Bill Russell, of course, was the perennial champion, the quintessentially unselfish team player/philosopher with the twinkly eyes and the thunderous laugh. Dominant though he was, you had to love Russell. Wilt Chamberlain, of imposing size and strength, once scored 100 points in a single game and averaged 50.4 in one season. But he was a colossus who evoked little affection. Bill Walton, one of the best all-round centers in history, has been beset by injuries; giants aren't supposed to be fragile.
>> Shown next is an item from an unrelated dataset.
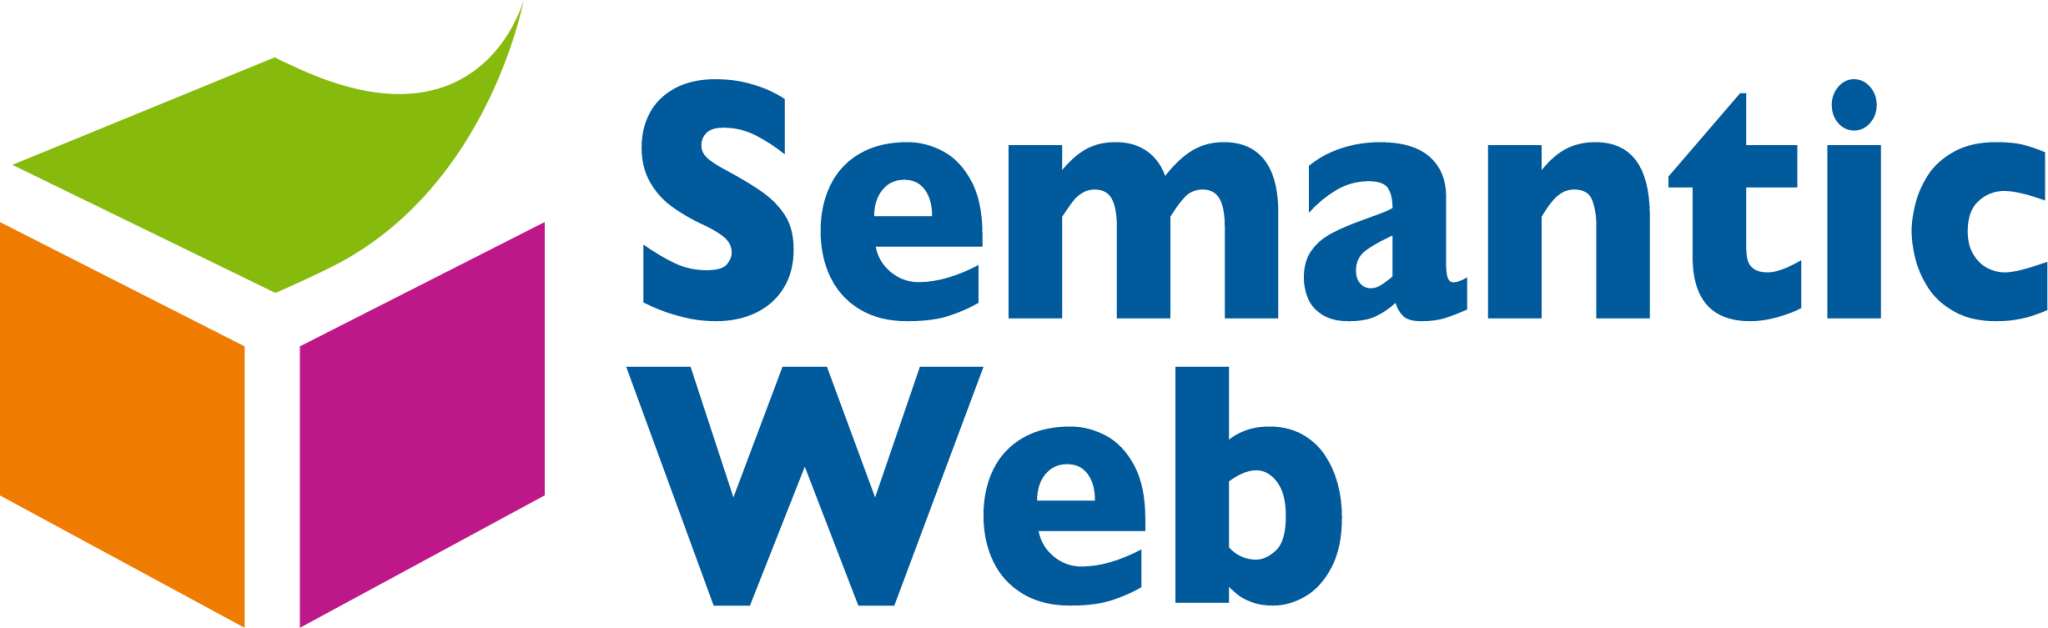 semantic web icon

SI 60: Read every story and interview in the collection
And then there is Abdul-Jabbar, the first, the only player to incorporate every desirable element of the modern game into his own. He has the speed and grace of Baylor, the skill and finesse of West, the size and very nearly the strength of Chamberlain. He is a superb shot-blocker and a better passer than some think; he has seldom had teammates worth passing to. And he has been amazingly consistent, averaging nearly 30 points and 14 rebounds a game during his career. He has constantly been harassed by defenses, often by two opponents. Perhaps he has made what he does look too easy. He is not often "spectacular." But it is astounding how often he gets a "quiet" 32 points.